Este quadro corrobora a afirmação de Milton Friedman, segundo a qual uma economia subsidiada jamais pode funcionar e nos obriga a reclamar-lhes, para seu próprio bem, o pagamento do capital e dos juros que, tão generosamente, temos demorado todos estes séculos em cobrar. Ao dizer isto, esclarecemos que não nos rebaixaremos a cobrar de nossos irmãos europeus, as mesmas vis e sanguinárias taxas de 20% e até 30% de juros ao ano que os irmãos europeus cobram dos povos do Terceiro Mundo.
Nos limitaremos a exigir a devolução dos metais preciosos, acrescida de um módico juro de 10%, acumulado apenas durante os últimos 300 anos, com 200 anos de graça. Sobre esta base e aplicando a fórmula europeia de juros compostos, informamos aos descobridores que eles nos devem 185 mil quilos de ouro e 16 milhões de quilos de prata, ambas as cifras elevadas à potência de 300, isso quer dizer um número para cuja expressão total será necessário expandir o planeta Terra.
Muito peso em ouro e prata... quanto pesariam se calculados em sangue?
Admitir que a Europa, em meio milénio, não conseguiu gerar riquezas suficientes para esses módicos juros, seria como admitir seu absoluto fracasso financeiro e a demência e irracionalidade dos conceitos capitalistas.
Tais questões metafísicas, desde já, não inquietam a nós, índios da América. Porém, exigimos assinatura de uma carta de intenções que enquadre os povos devedores do Velho Continente e que os obriguem a cumpri-la, sob pena de uma privatização ou conversão da Europa, de forma que lhes permitam entregar suas terras, como primeira prestação de dívida histórica..."

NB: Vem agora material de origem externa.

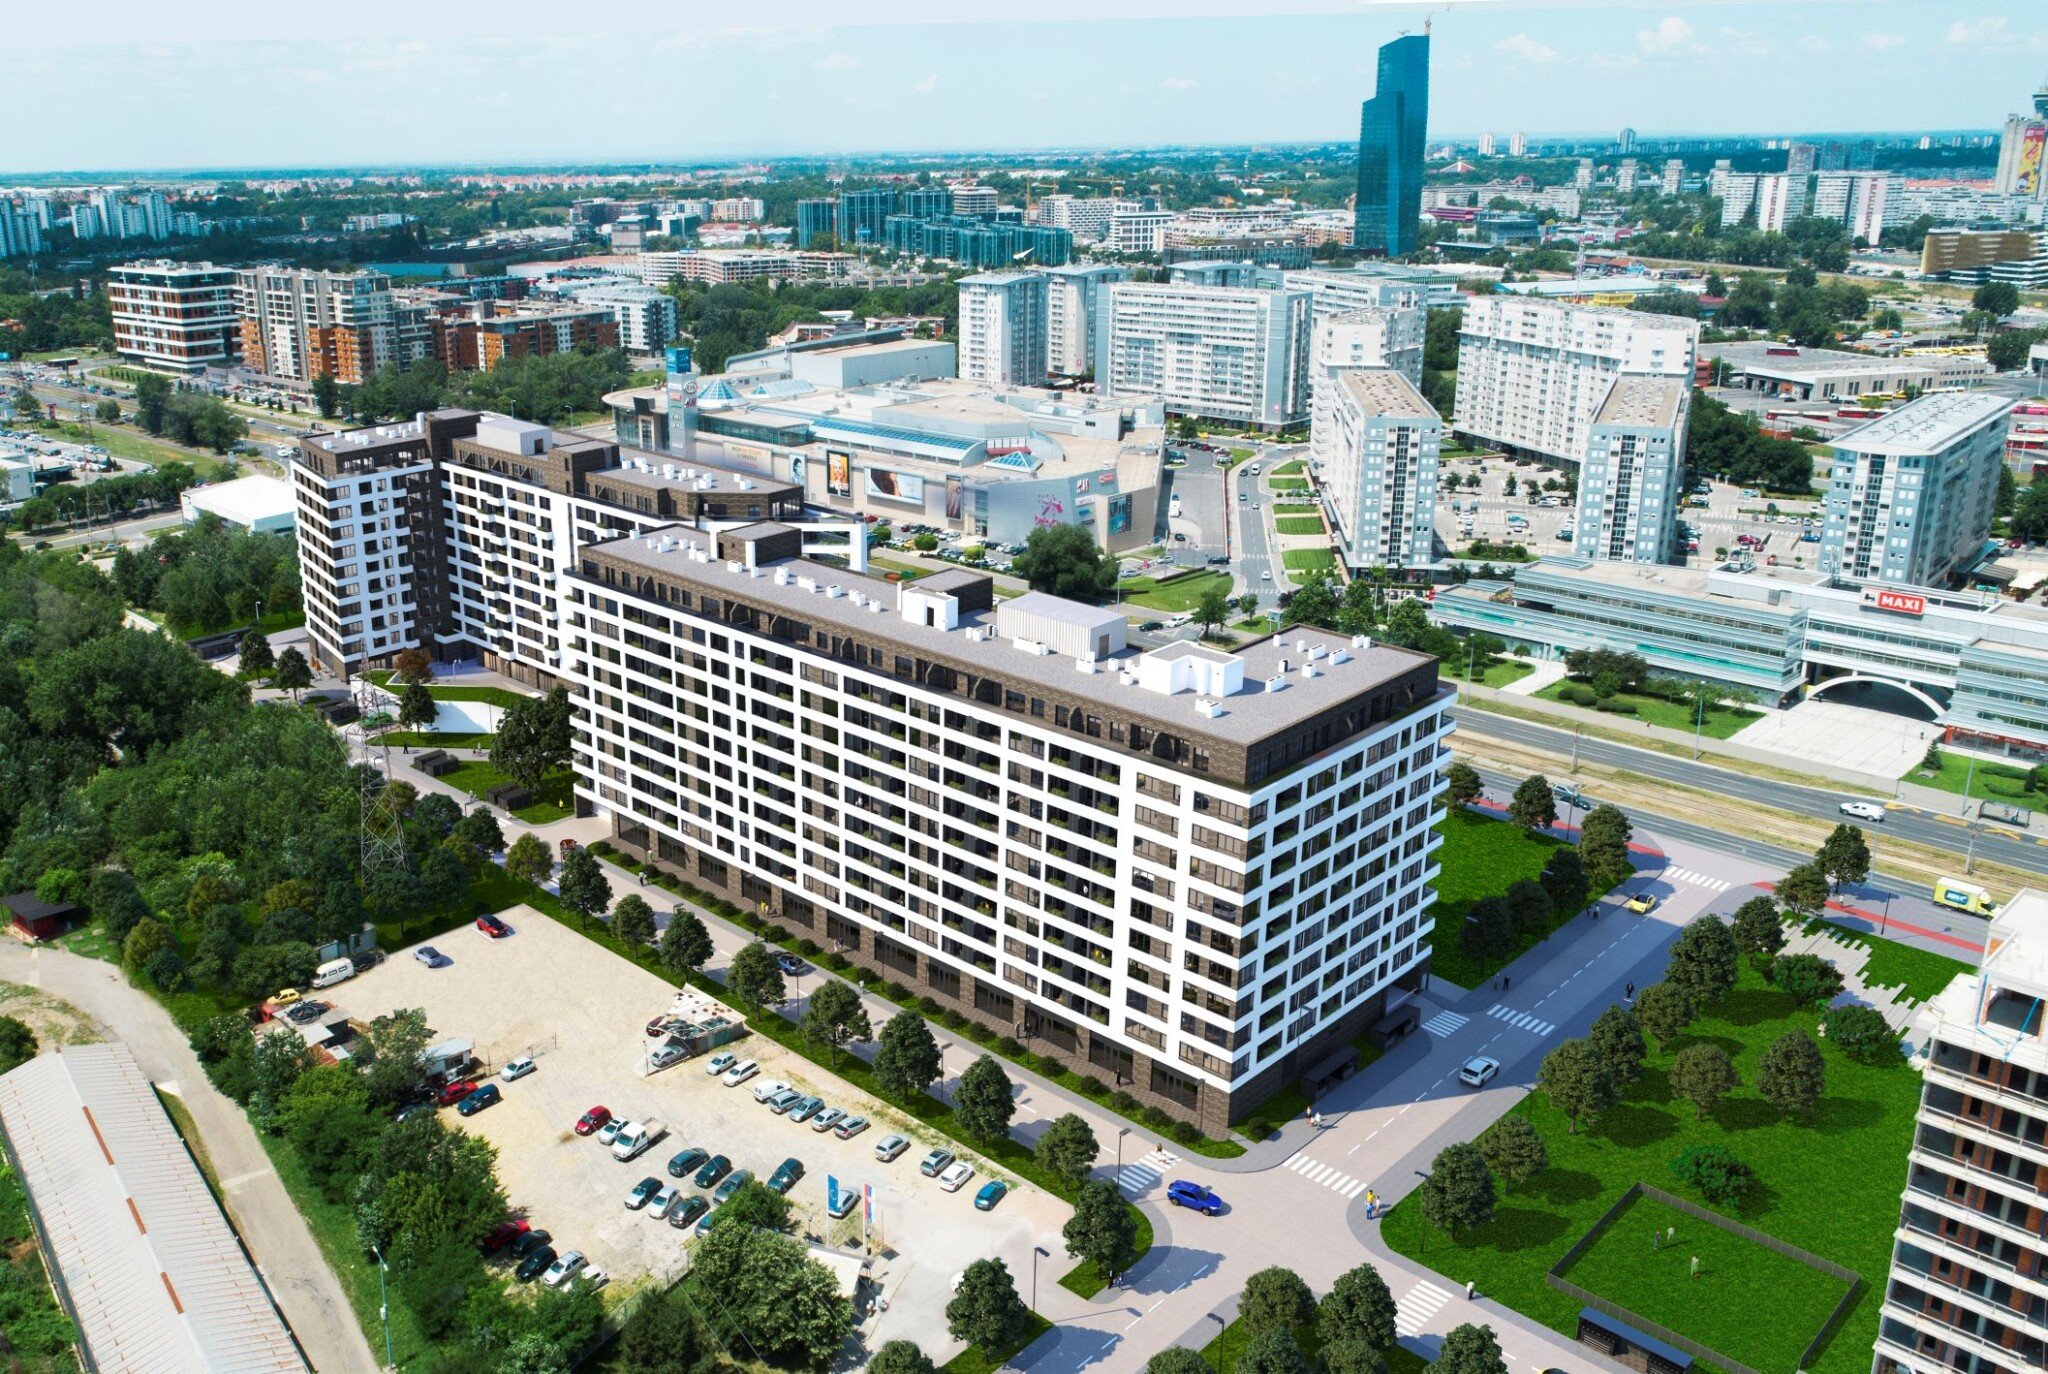 Developer UDI získal potřebná povolení. Výstavba bytů v Bělehradě začne příští měsíc

Quando terminou seu discurso diante dos chefes de Estado da Comunidade Européia, Guaicaípuro Guatemoc não sabia que estava expondo uma tese de Direito Internacional para determinar a verdadeira Dívida Externa.

4 comentários:

A. João Soares disse...

Caro Luís,

Ironia ? ou uma lição de ética aos nossos políticos que nada sabem de honra e dignidade.

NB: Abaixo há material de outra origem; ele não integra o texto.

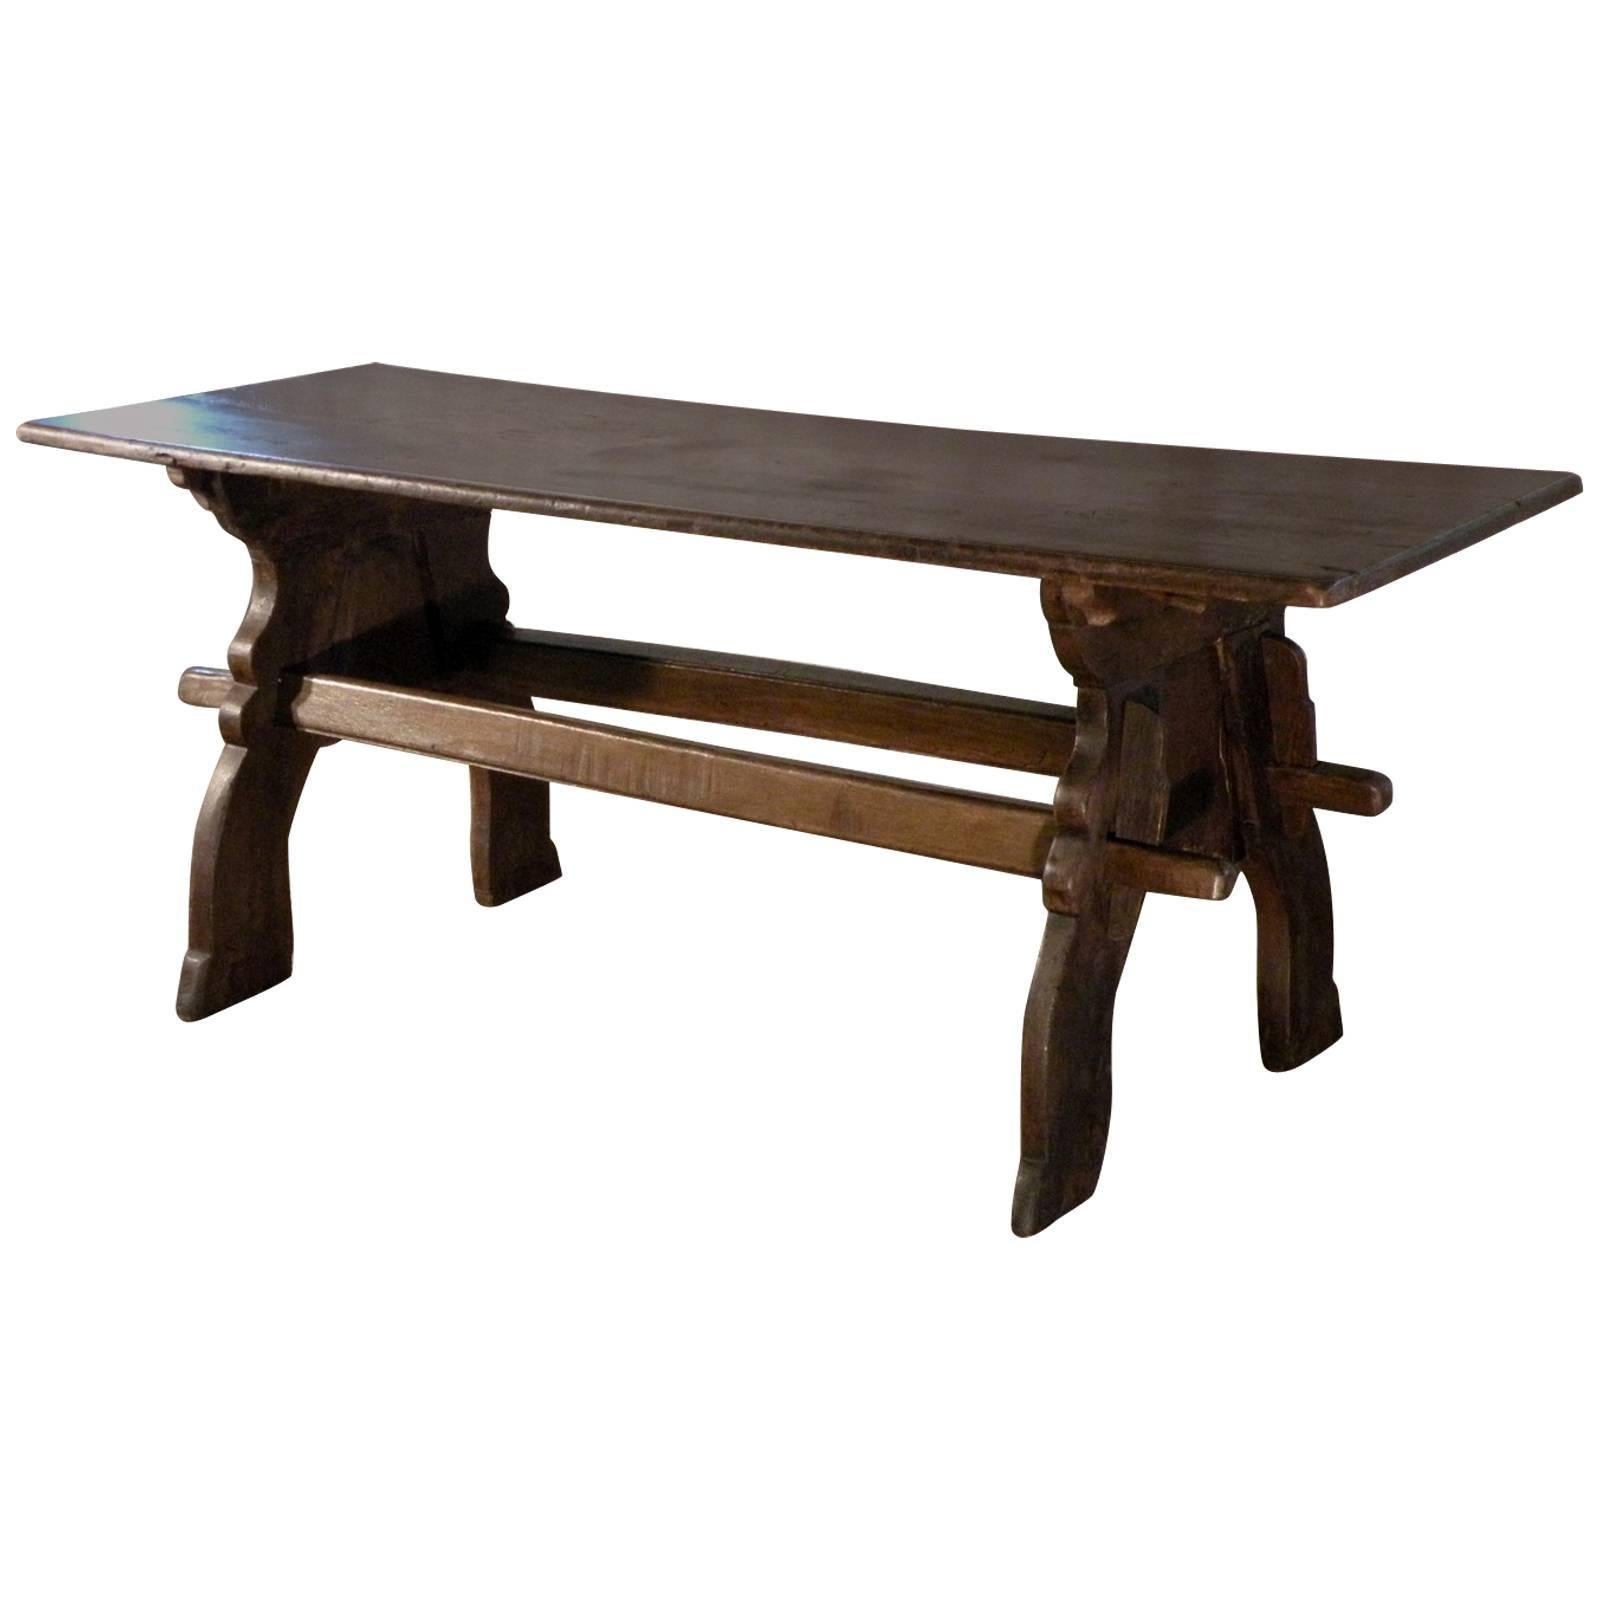 Nordeuropäischer Eichenholz- Trestle-Tisch im späten gotischen Stil des 16. Jahrhunderts

Se às relações internacionais fosse aplicada a legalidade, a moralidade e a dignidade das relações entre empresas e fornecedores e clientes, os governantes teriam as caras pintadas de negro.

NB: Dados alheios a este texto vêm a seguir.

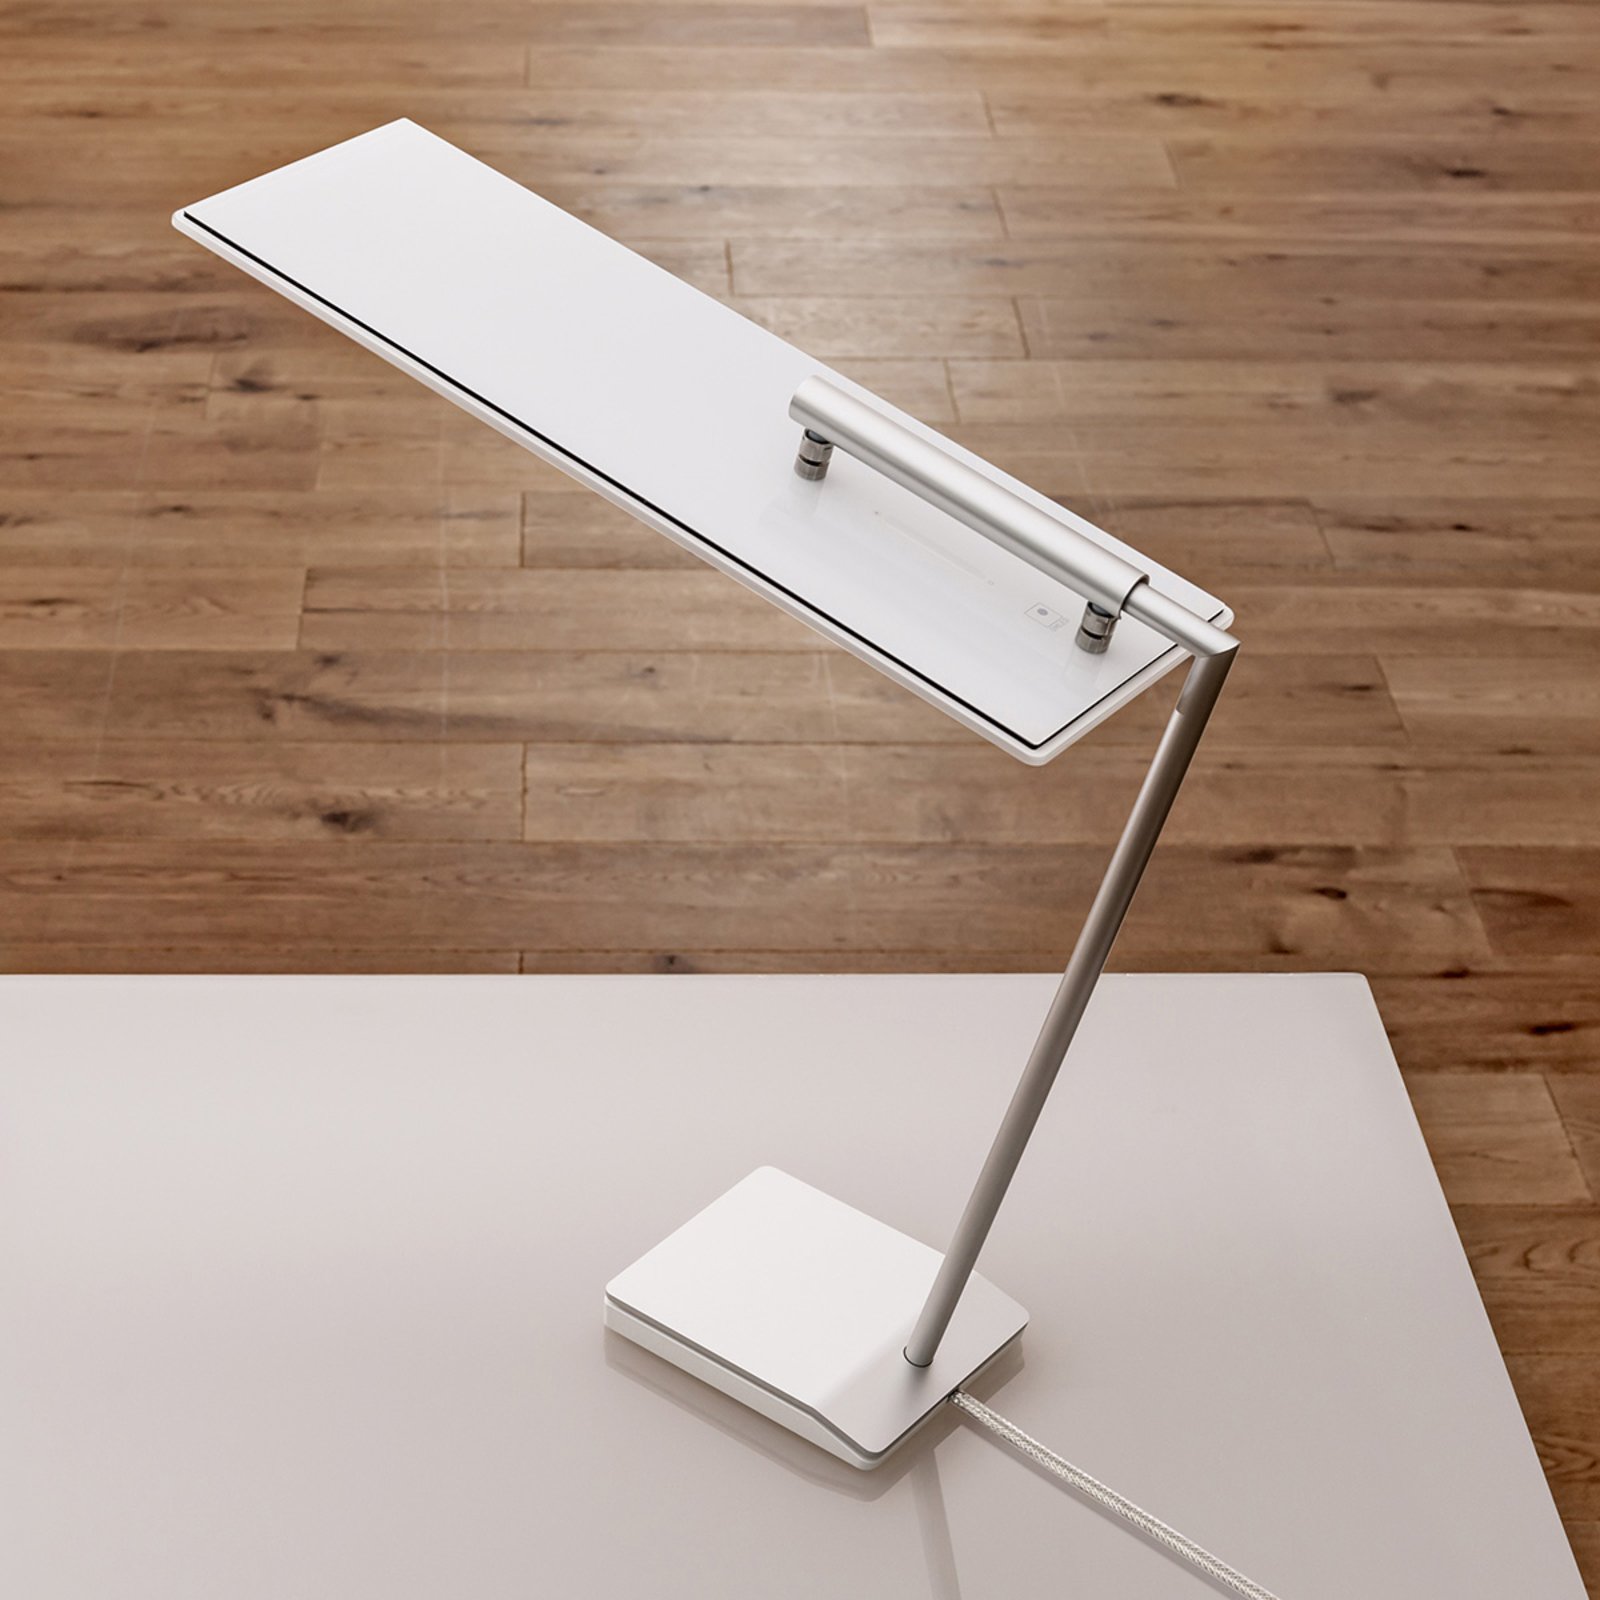 OLED stolní lampa OMLED One d3 bílá

Vou a uma loja ou supermercado e pago a pronto. No entanto, os governantes e autarcas demoram «séculos» a pagarem aos fornecedores e agora fala-se em obrigá-los a pagar em 30 dias. E cumprirão? Quem os obriga a cumprir? A Justiça não consegue enfrentar a imunidade e a impunidade do Poder.
A rir, o índio mexicano deu uma lição aos mestres brancos.

Um abraço
João

Maria Letr@ disse...

Amigo João Soares,
Eu já tinha lido este MAGNÍFICO post, mas quis saboreá-lo melhor quando estivesse a deliciar-me com o silêncio da noite, sem ter o nétinho a provocar-me com as suas brincadeiras.
Este discurso é duma profundidade que ultrapassa o meu conhecimento no que se refere à história dos povos indígenas, mas é suficientemente claro para perceber bem o seu conteúdo. Eu não sei quanto tempo levou a escrever este discurso, mas posso reconhecer o sentimento de Guaicaípuro Cuatemoc quando o elaborou. Quanta revolta interior não estaria sentindo, no momento de lê-lo perante os Chefes de Estado da Comunidade Europeia...
Um discurso que - muito provavelmente - irá fazer meditar muitos governantes e, quem sabe se, na verdade, a sua tese (que tese foi, realmente!), venha a dar uma volta no Direito Internacional, sôbre a determinação de Dívidas Externas.
Posso editar este texto no meu blogue "Letras sem Tretas"?
Um abração.
Maria Letra

Maria Letr@ disse...

Peço desculpa. Sou eu quem, de vez em quando, removo comentário, quando sai em duplicado ...
Maria Letra

A. João Soares disse...

Caro Luís,

Hoje dei comigo a pensar na situação no Iraque e no Afeganistão. A guerra nada foi melhorar, antes pelo contrário. E quem lhes paga a indemnização?
Depois vim aqui buscar este texto e transcrevi-o para o Do Miradouro, com uma nota final em que refiro essas duas guerras actuais que tantos estragos têm feito naqueles pobres países.